In obese mice, the NAD+ response varied:

  • NAD+ levels in the liver, pancreas, kidney, heart, and fat peaked 4 hours after injection and returned to normal within 24 hours.
  • NAD+ in blood, muscle, and brown fat (BAT) remained elevated for 24 hours.

This figure shows NAD+ levels in the tissues of obese mice 4- and 24-hours after the final NRH injection.

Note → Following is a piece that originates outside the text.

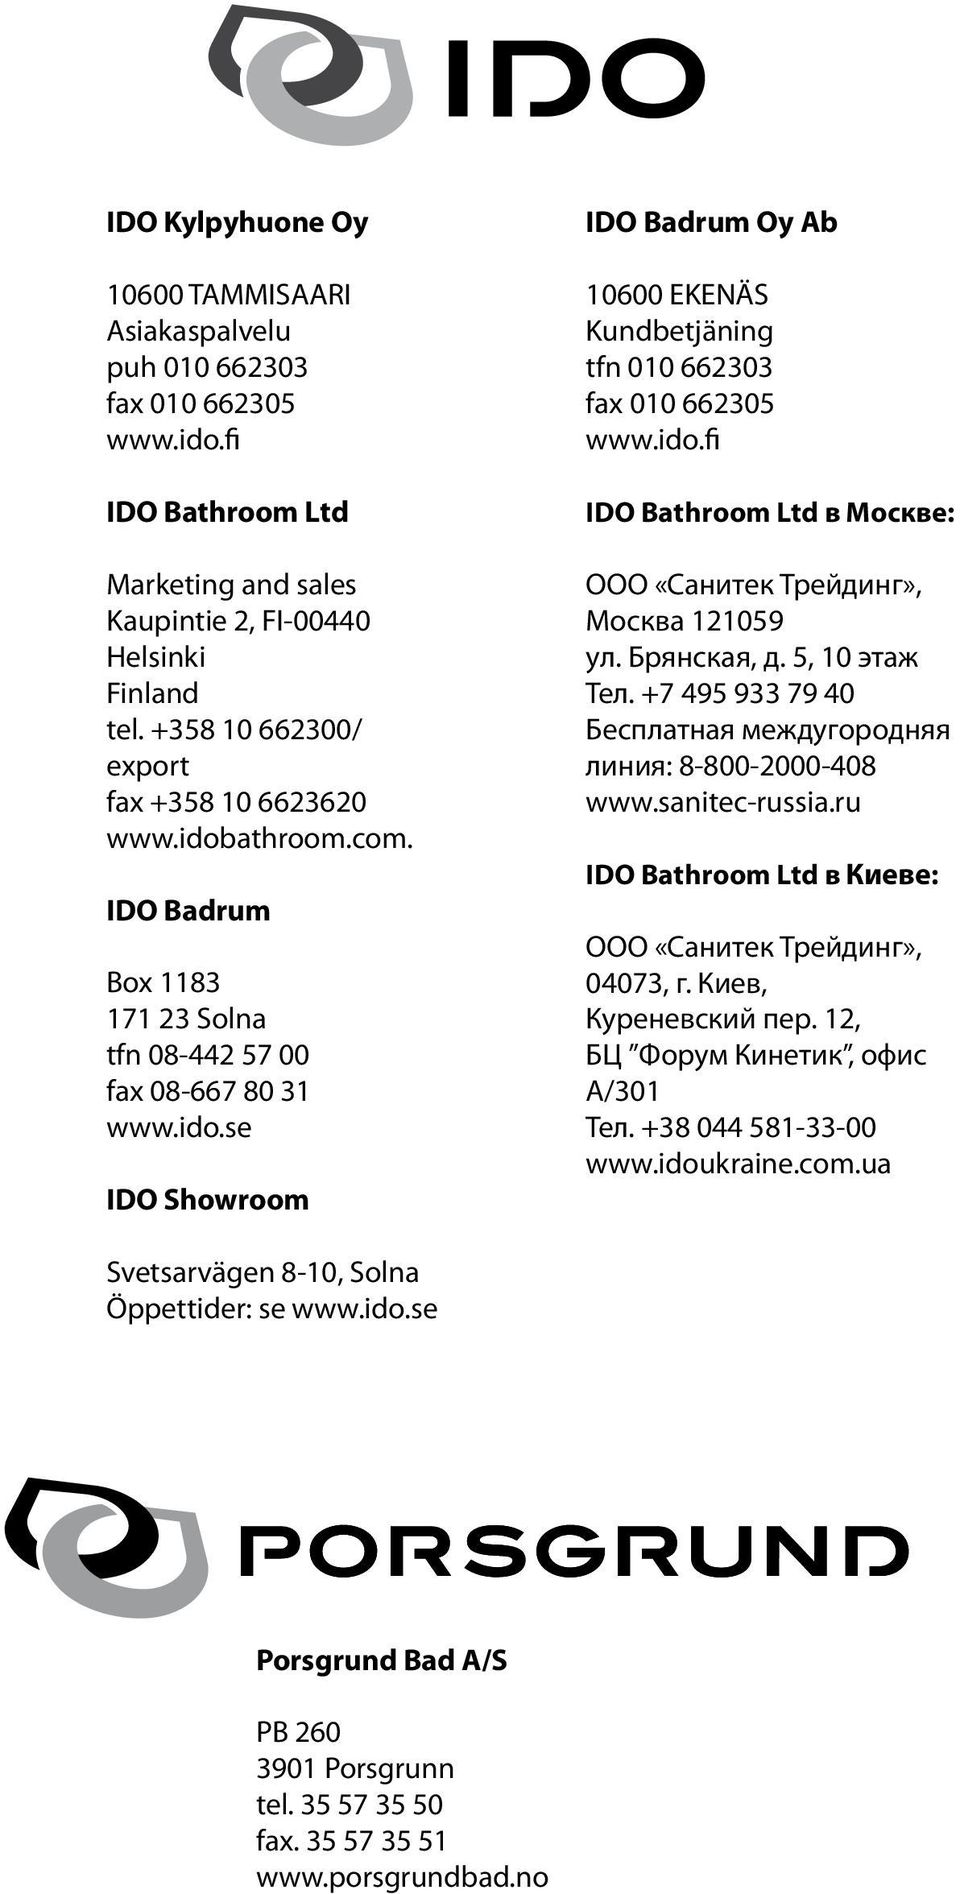 ido.fi IDO Bathroom Ltd в Москве: ООО «Санитек Трейдинг», Москва 121059 ул. Брянская, д. 5, 10 этаж Тел. +7 495 933 79 40 Бесплатная междугородняя линия: 8-800-2000-408 www.sanitec-russia.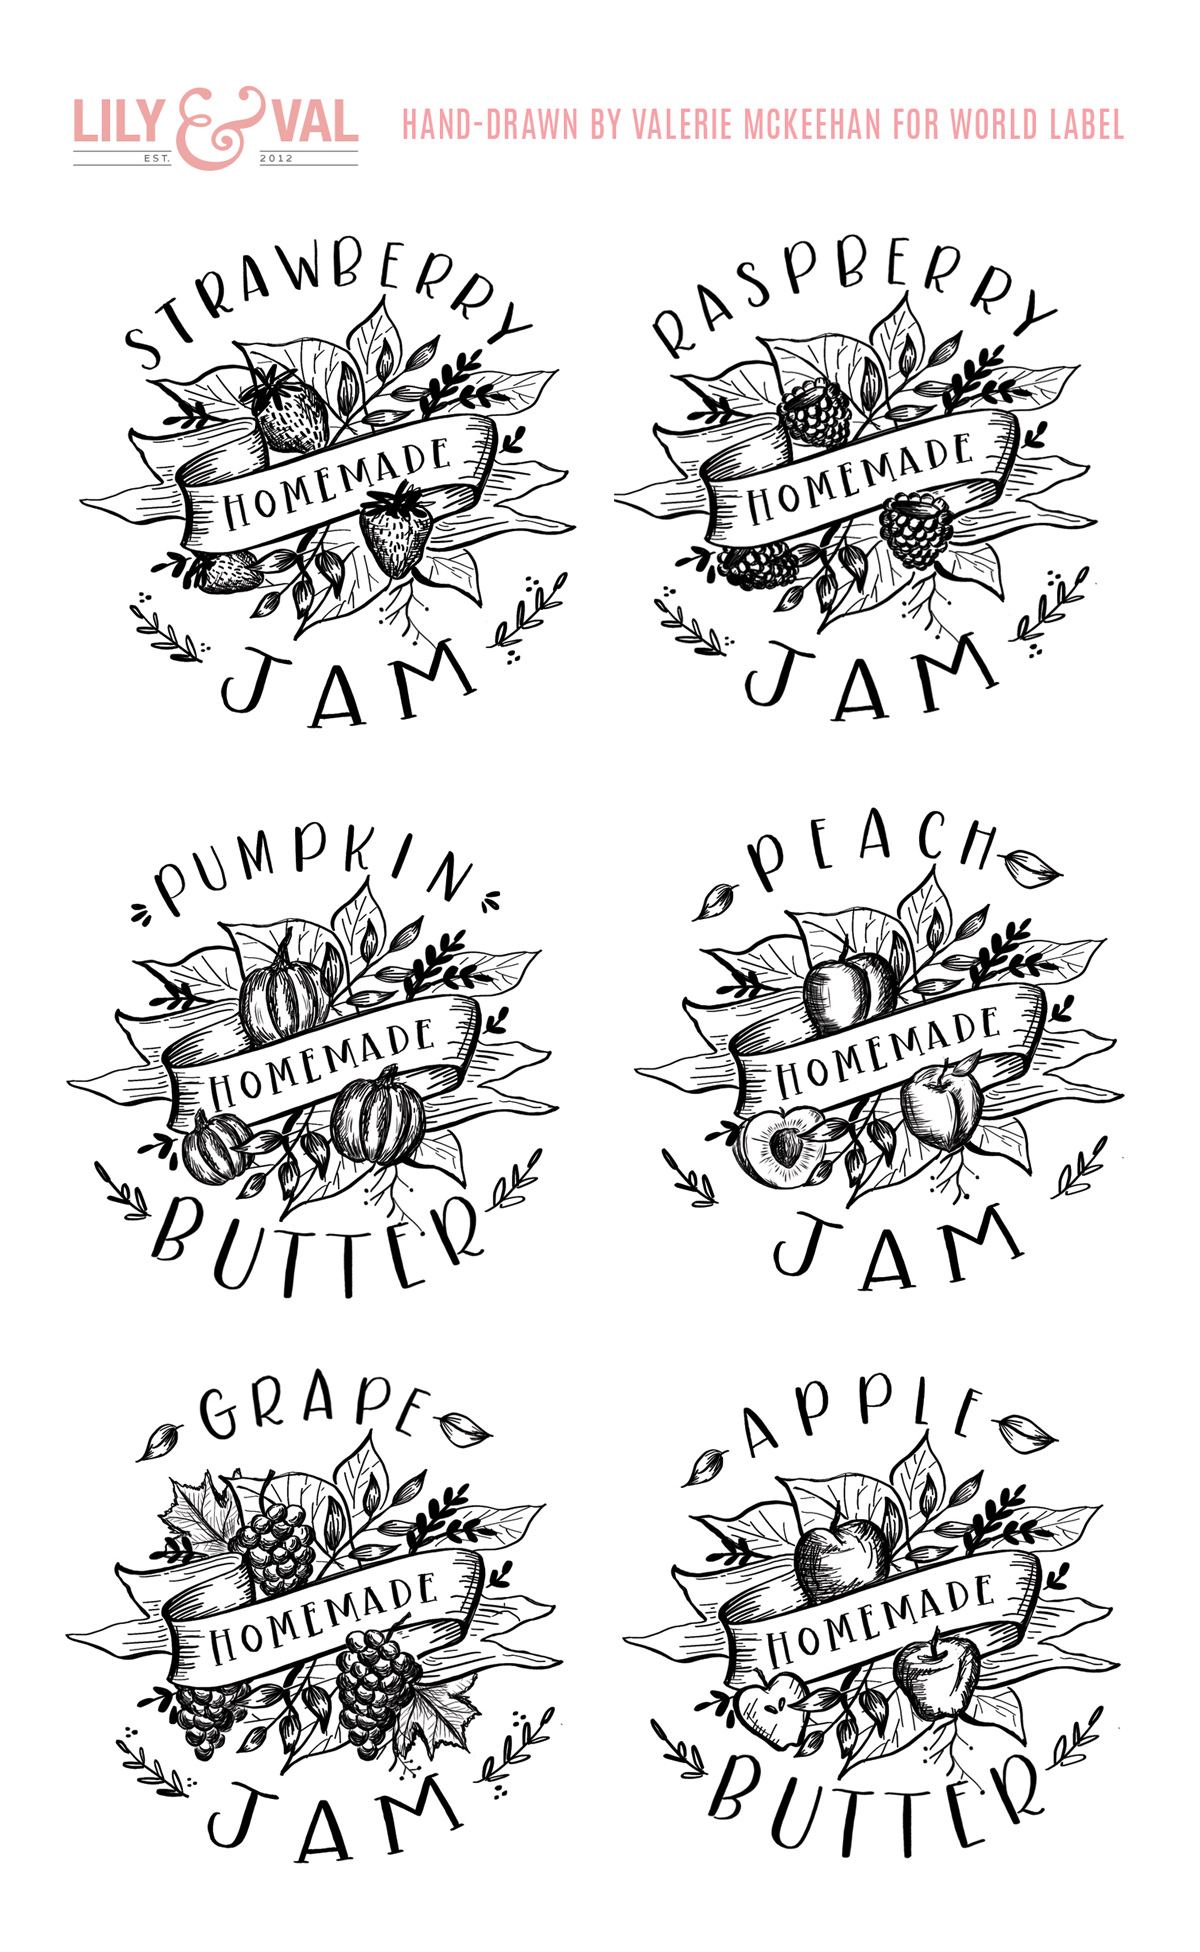 FREE Lily & Val for World Label Hand-Drawn Jam Label Downloads! Strawberry, Peach, Grape, Raspberry Jam plus Pumpkin & Apple Butter!

NAD+ levels in the liver, pancreas, kidney, heart, and fat (WAT) peaked 4 hours after injection, while NAD+ in the blood, muscle, and brown fat (BAT) stayed elevated for 24 hours post-injection.

“These findings indicate NRH potently replenishes NAD+ levels after repeated administration, though the increases are more transient in splanchnic tissues compared to peripheral tissues.”

Higher NAD+ levels promoted sirtuin activation (SIRT proteins), critical enzymes for cell health.

Specifically, activation of SIRT3 in the mitochondria improved antioxidant defenses and enhanced energy production.

“Mitochondrial SIRT3 targets, superoxide dismutase 2 (SOD2) and mitochondrial isocitrate dehydrogenase (IDH2), were both increased in NRH-treated livers, suggesting improved antioxidant defense to combat excessive oxidative stress.”

Conclusion

NRH injections are efficiently absorbed by cells and rapidly converted into NMNH, significantly increasing NAD+ levels in tissues.

“These results demonstrate NRH freely passes cell membranes, likely via passive diffusion, and is rapidly metabolized for NAD+ biosynthesis.”

The pancreas showed the strongest response, with NMNH levels rising the highest and NAD+ increasing 5.3-fold.

“A significant observation was NRH’s targeted effects on the pancreas, enhancing insulin secretion and pancreatic insulin content.”

NRH improved blood sugar regulation and insulin sensitivity through multiple pathways, aligning with the elevated NAD+ production in the pancreas.

“This aligns with the highest NMNH and NAD+ production observed in the pancreas following NRH injection.”

In obese mice, NRH reduced fat mass and improved fat distribution, blood lipid profiles, and fat tissue function.

By raising NAD+ levels, NRH activated sirtuins, including SIRT3, improving mitochondrial function and antioxidant defenses.

“These benefits were linked to elevated tissue NAD+ levels, enhanced Sirtuin activities, and increased mitochondrial antioxidant defenses.”

“To our knowledge, this is the first report showing that NRH can reach multiple tissues intact and provide a broad spectrum of effects through potent NAD+ enhancement and subsequent SIRT activation.”